Aber dabei bleibt es nicht. Ein Toter wird angespült, alles ...

Ein verurteilter Kindermörder wird nach seiner Berufung freigesprochen. Jetzt muss die Kriminalpolizei in Le Lavandou den Fall neu aufrollen.
Aber dabei bleibt es nicht. Ein Toter wird angespült, alles deutet auf ein Schiffsunglück und das der Mann ertrunken ist.
Der Rechtsmediziner Dr. Leon Ritter ist allerdings anderer Meinung und ermittelt wie gewohnt wieder auf eigene Faust.
„Das Grab unter Zedern“ ist der 4. Fall einer meiner Lieblings-Krimireihen aus der Feder von Remy Eyssen.
Mit dem Rechtsmediziner Dr.
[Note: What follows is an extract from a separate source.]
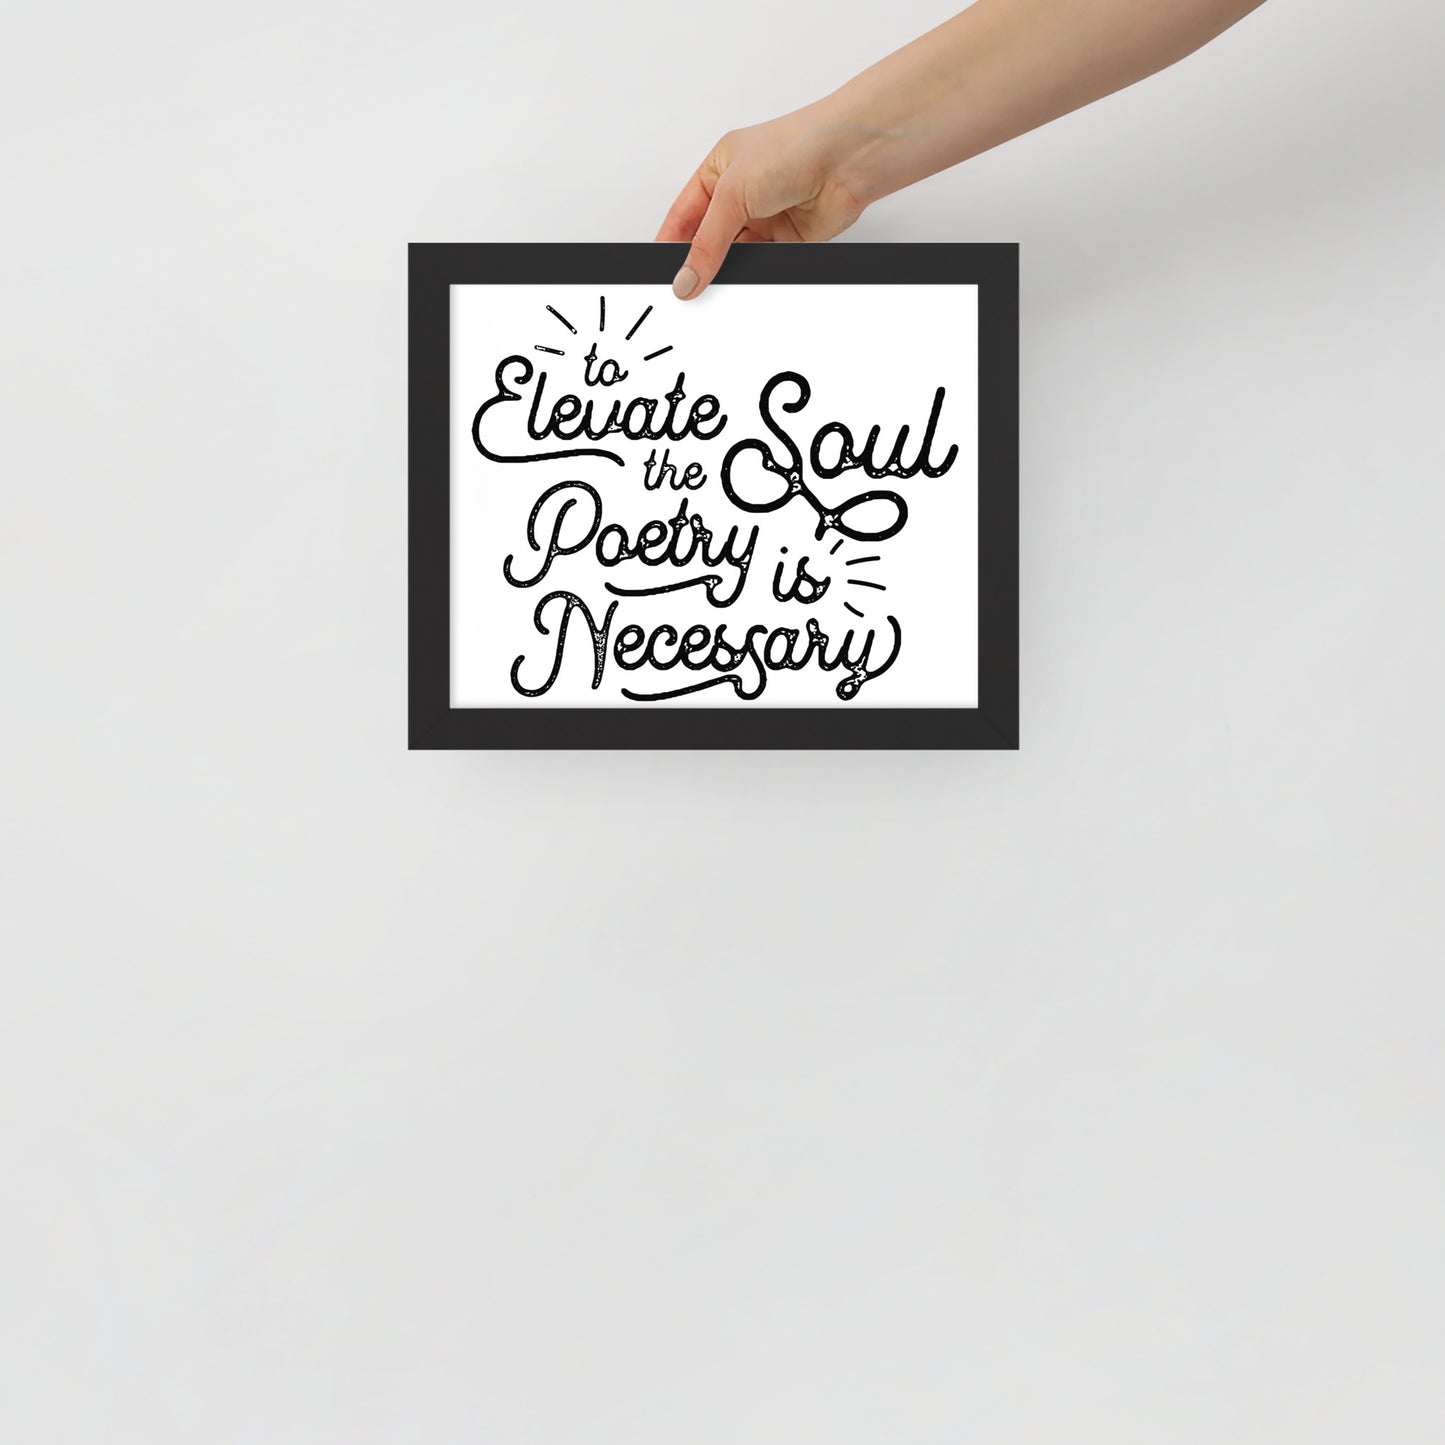 To Elevate the Soul Poetry is Necessary Framed Poster - 8 x 10 Black Frame

Leon Ritter hat er einen sympathischen wie auch interessanten Charakter erschaffen.
Ritter ist ein ruhiger und stiller Typ der am liebsten in seinem Keller alleine oder mit seinem Assistenten vor sich hin arbeitet.
Wenn er aber einen Verdacht hat spürt er ein Kribbeln und das lässt ihn nicht mehr los.
Meist ist er anderer Meinung als Zernas, der Polizeichef von Le Lavandou.
Isabelle Morell, die stellvertretende Polizeichefin versucht dann immer zu vermitteln den schließlich ist sie mit Ritter liiert und die Erfahrung sagt ihr, dass der Rechtsmediziner oft mit seinem Verdacht richtig liegt.
Auch Isabell Morell ist mir sehr sympathisch und die beiden geben ein gutes Paar ab.
Der Schreibstil von Remy Eyssen gefällt mir. Er beschreibt die Landschaft sehr virtuell sodass man sich alles gut vorstellen kann.
Man hört förmlich das Meer rauschen oder die Boule Kugeln klackern.
Beim Lesen bekomme ich immer richtig Lust in die Provence zu reisen.
„Das Grab unter Zedern“ ist ein spannender Krimi der einen nach Südfrankreich entführt und eine klare Leseempfehlung.